Experimental Section Materials. All reagents were purchased from the following suppliers and used without further purification: sodium tetrachloroaurate(III) dihydrate, trisodium citrate, sodium phosphate monobasic, and sodium phosphate dibasic were purchased from Sigma-Aldrich. Bis(p-sulfonatophenyl)phenyl phosphine dehydrate dipotassium salt (BSPP) was purchased from StremChemicals, Inc. Milli-Q water was used in all experiments. The peptides were obtained from either Activotec (Cambridge) or GL Biochem (Shanghai) Ltd. Methods. ODN synthesis was carried out on an ABI Expedite 8909 synthesizer using the standard solid-supported phosphoramidite cycle (1.0 μmol scale). Phosphoramidite monomers of natural 20 -deoxynucleosides and reagents for oligonucleotide synthesis were purchased from Link Technologies Ltd. and SAFC Supply Solutions.
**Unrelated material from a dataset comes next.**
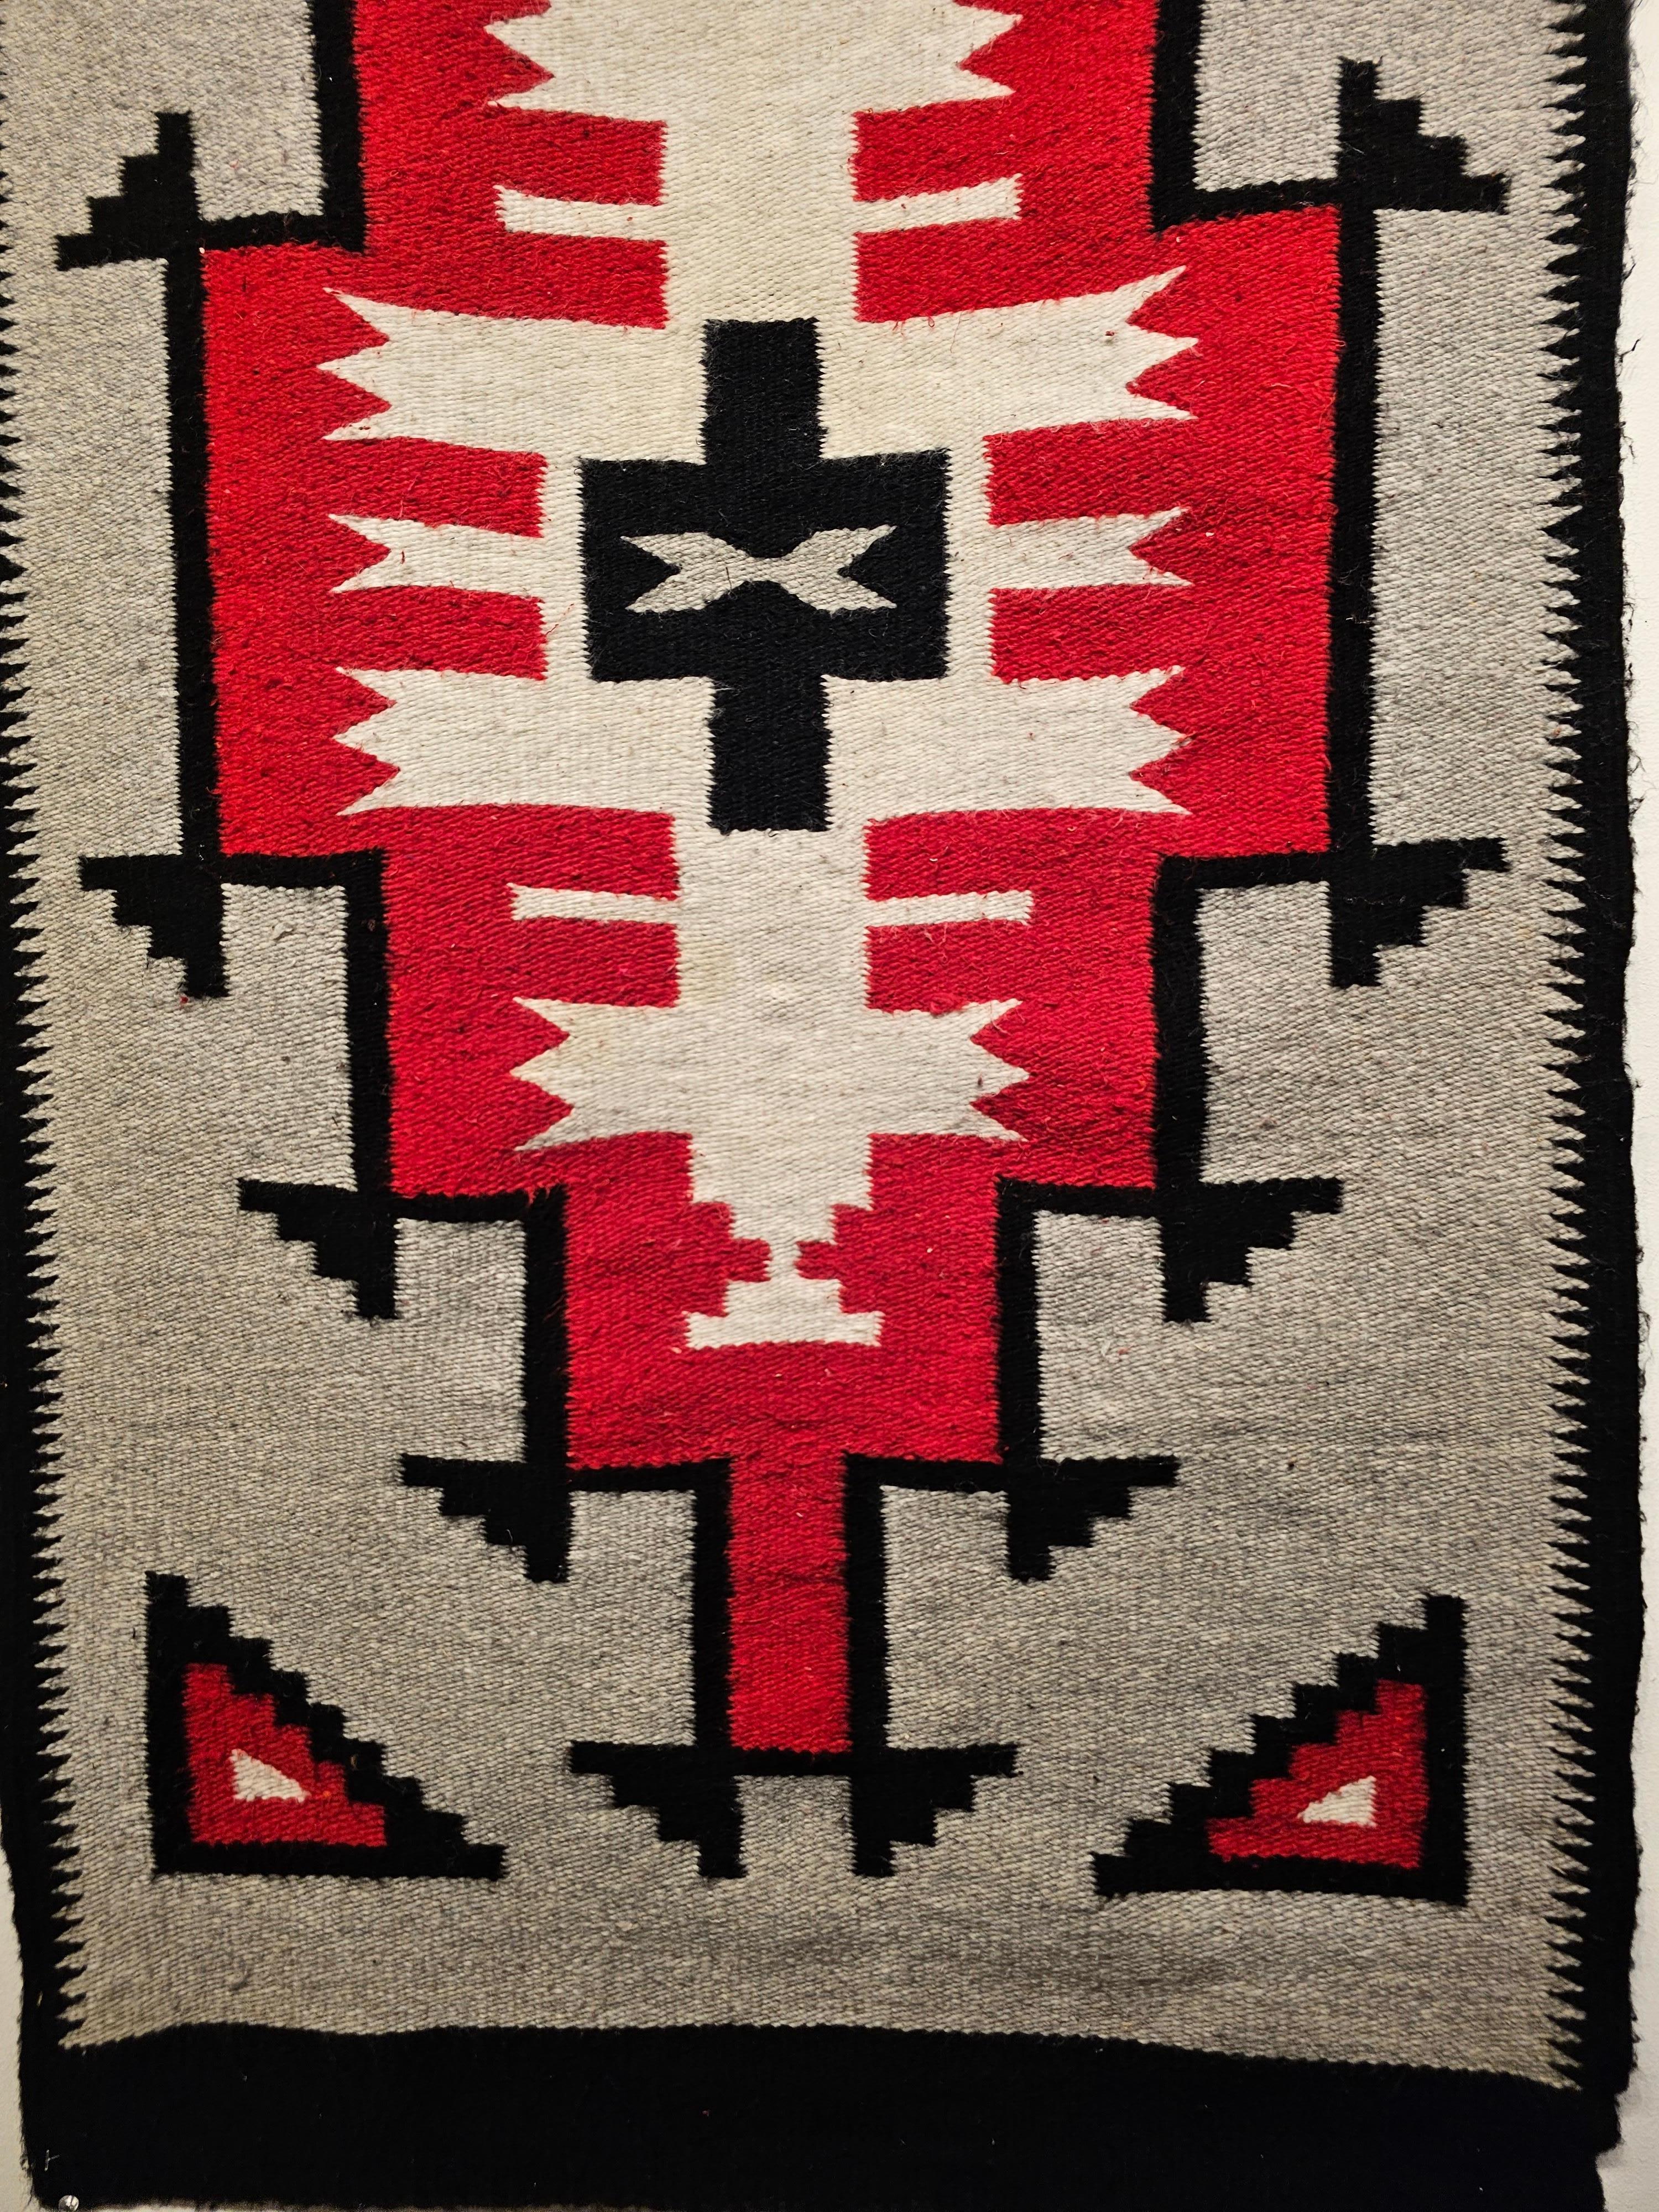 Vintage native American Navajo rug from the mid 1900s. This Navajo rug has a medallion design in red and white with a black border that covers most of the field which is in gray color. Navajo weavers use mostly natural organic dyes that are

ODNs were deprotected and cleaved from the solid support in conc. ammonium hydroxide at 35 °C for 15 h and then purified directly by Glen-Pak purification cartridge following the supplied procedure (Glen Research). TEM images were obtained with a Hitachi H7000 transmission electron microscope operating at a bias voltage of 75 kV. All samples were deposited on carbon film 400-mesh copper (50) grids purchased from Agar Scientific Ltd. UV- visible spectra of colloidal gold nanoparticles were collected using a Cary 300 Bio UV-vis spectrophotometer over the range of 400-800 nm.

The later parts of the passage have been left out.